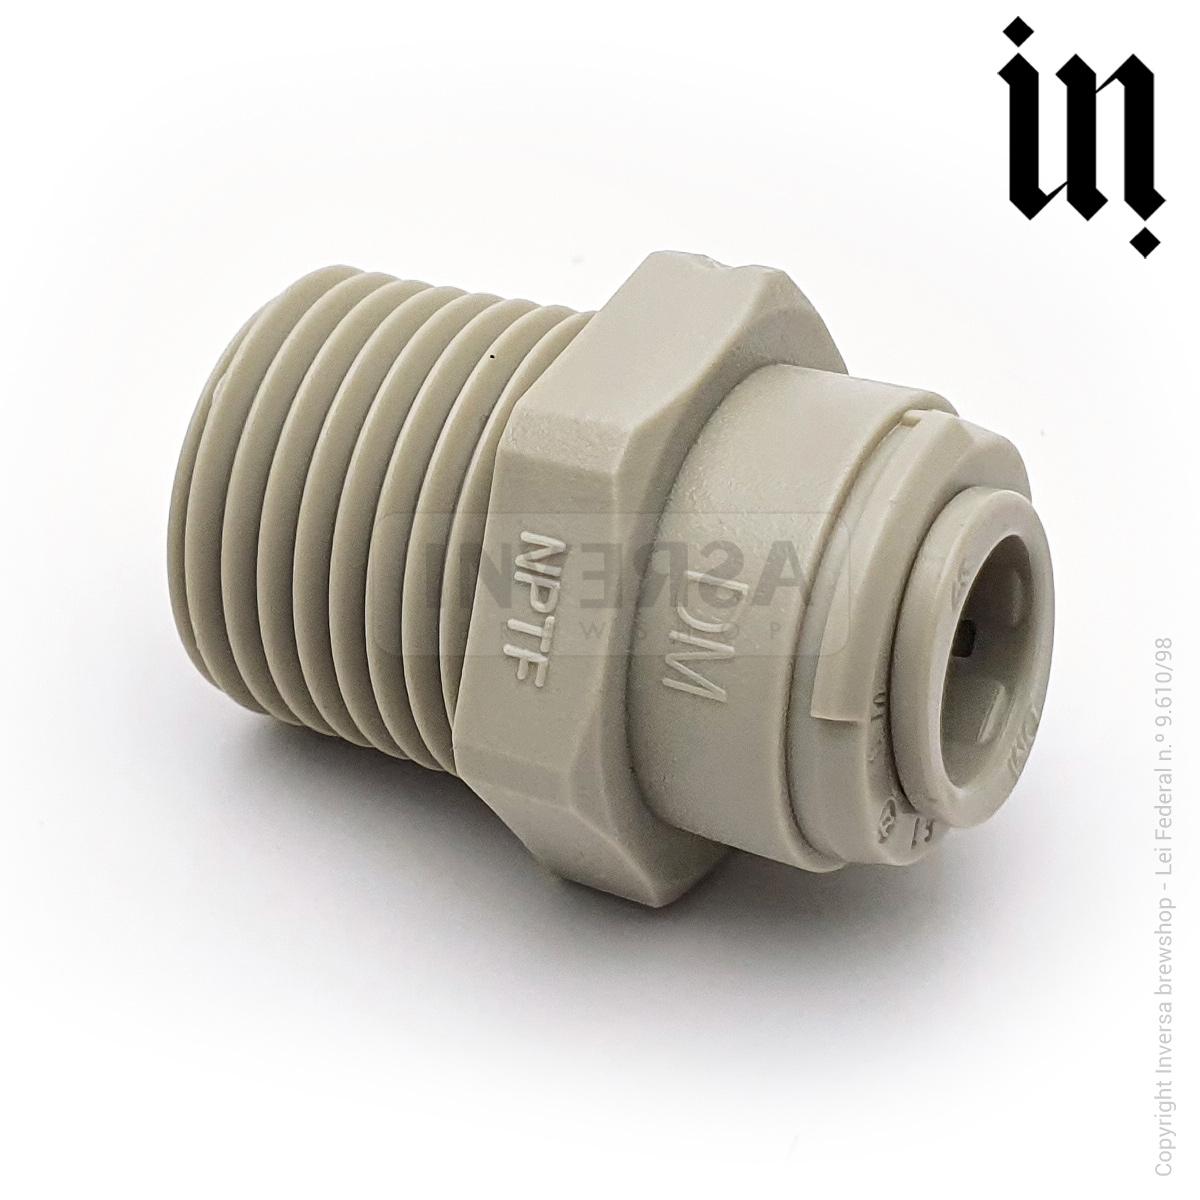 SpeedFit DM Engate 3/8 Rosca Macho 1/2
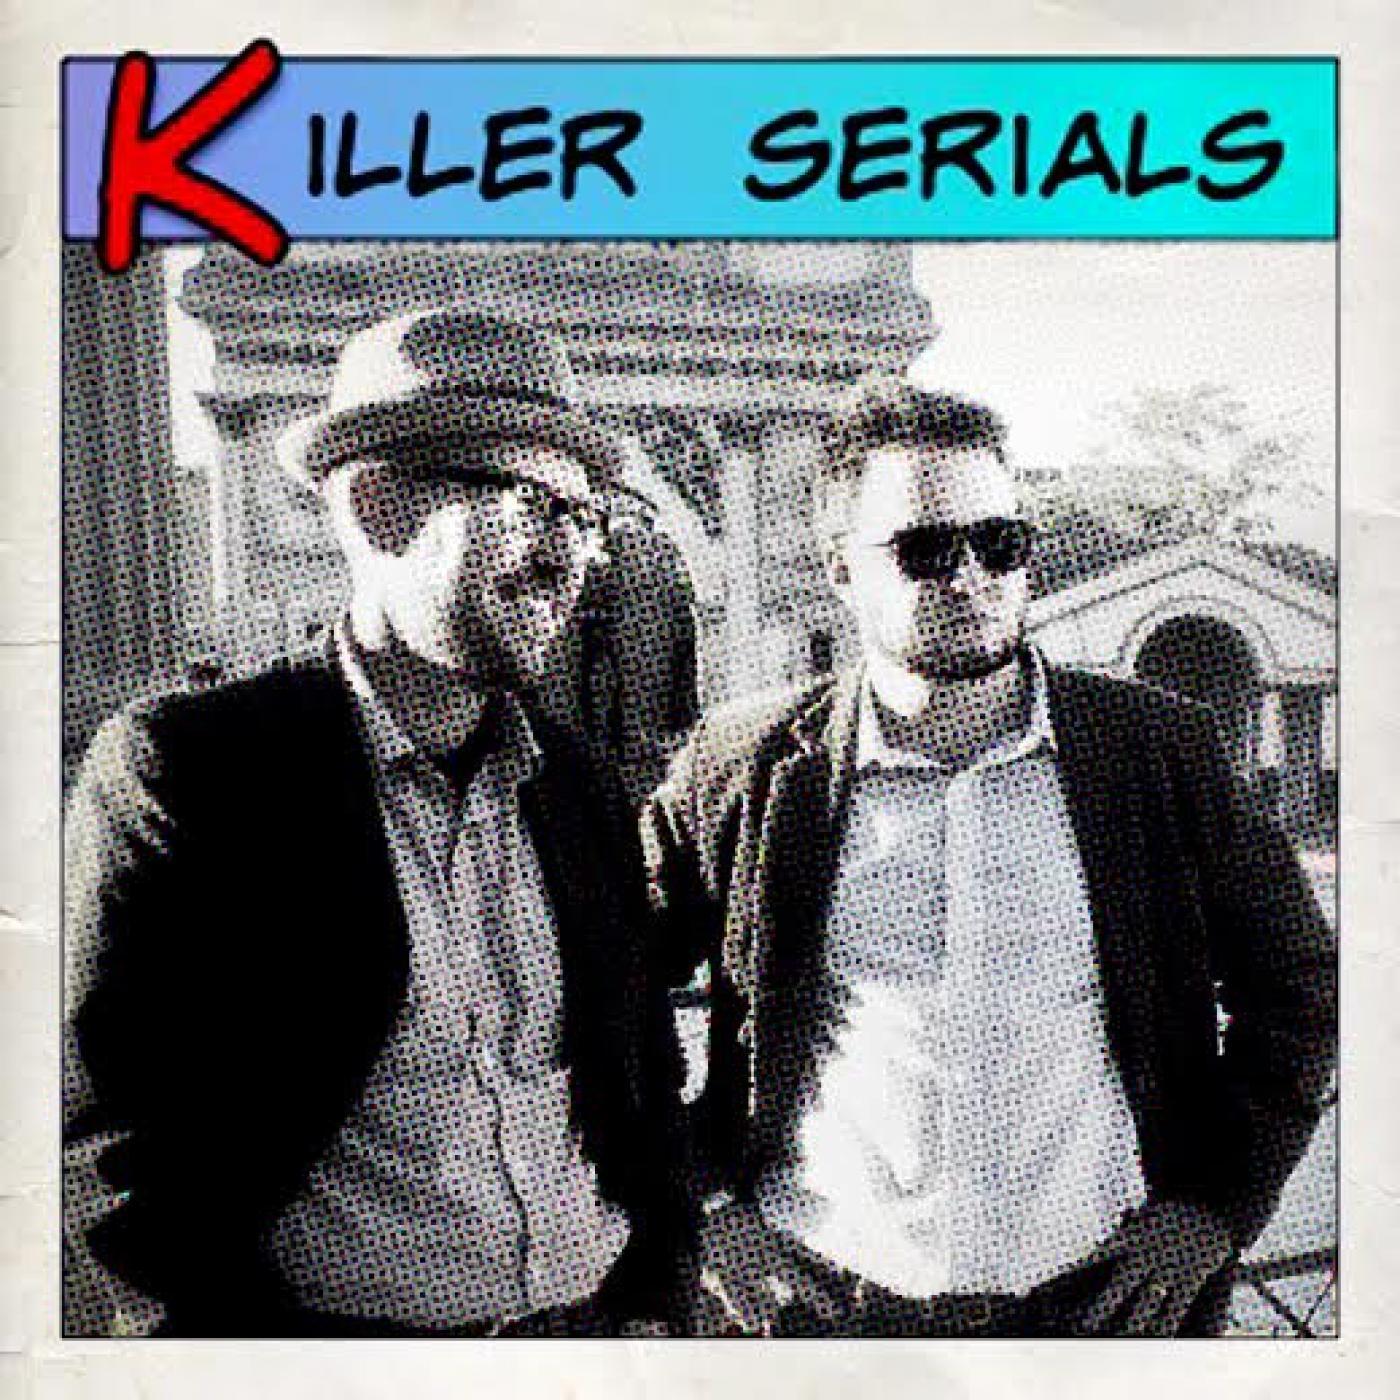 Killer Serials
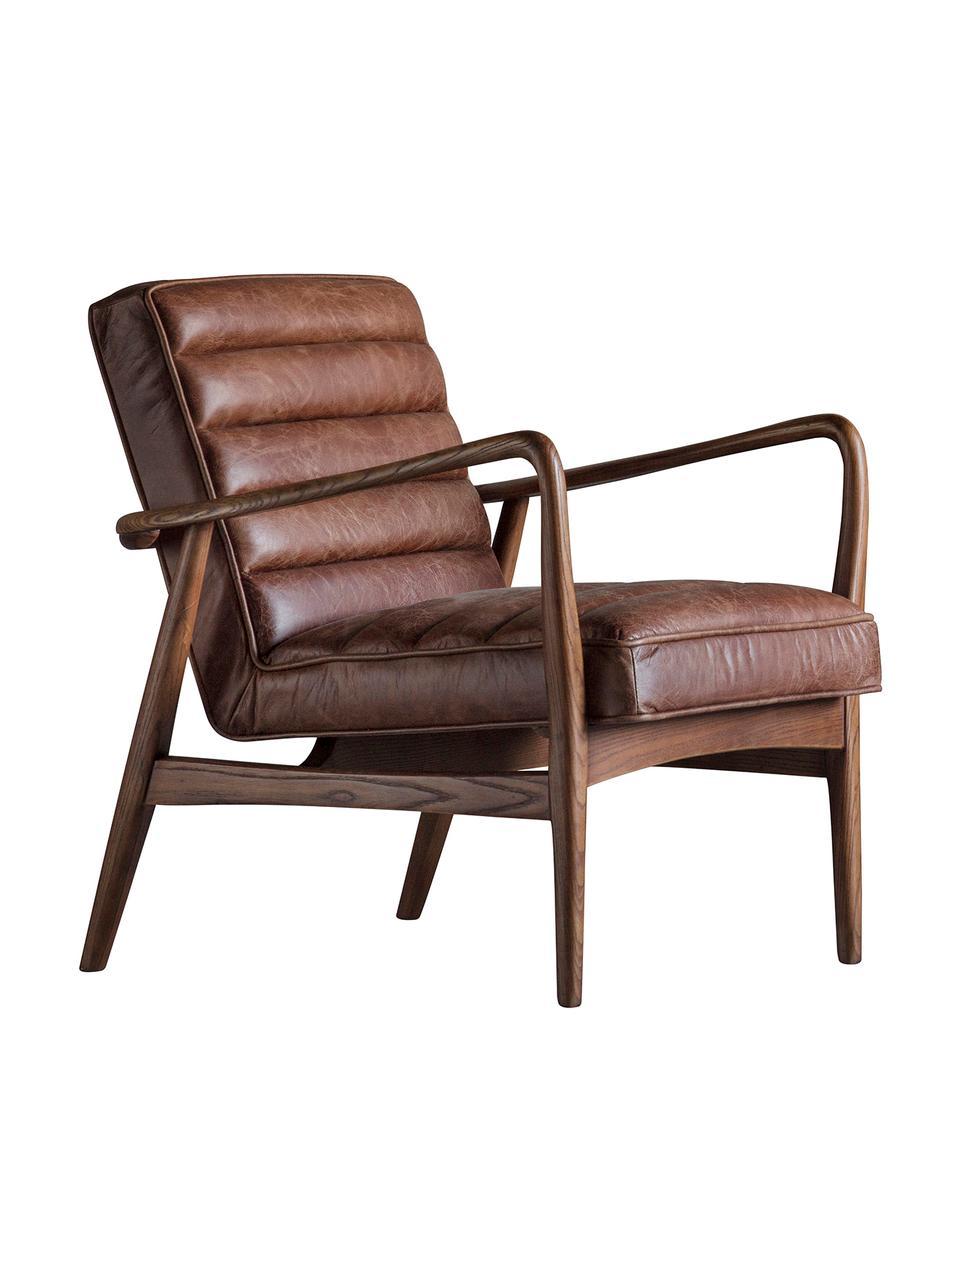 Sedia a poltrona in pelle Datsun, Rivestimento: pelle granata Imbottitura, Struttura: legno di frassino, Marrone, Larg. 70 x Prof. 74 cm

_To do_. All of the material should be written out again exactly, apart from the pictures.

_Result_.
 SpeedFit DM Engate 3/8 Rosca Macho 1/2
 Killer Serials
 Sedia a poltrona in pelle Datsun, Rivestimento: pelle granata Imbottitura, Struttura: legno di frassino, Marrone, Larg. 70 x Prof. 74 cm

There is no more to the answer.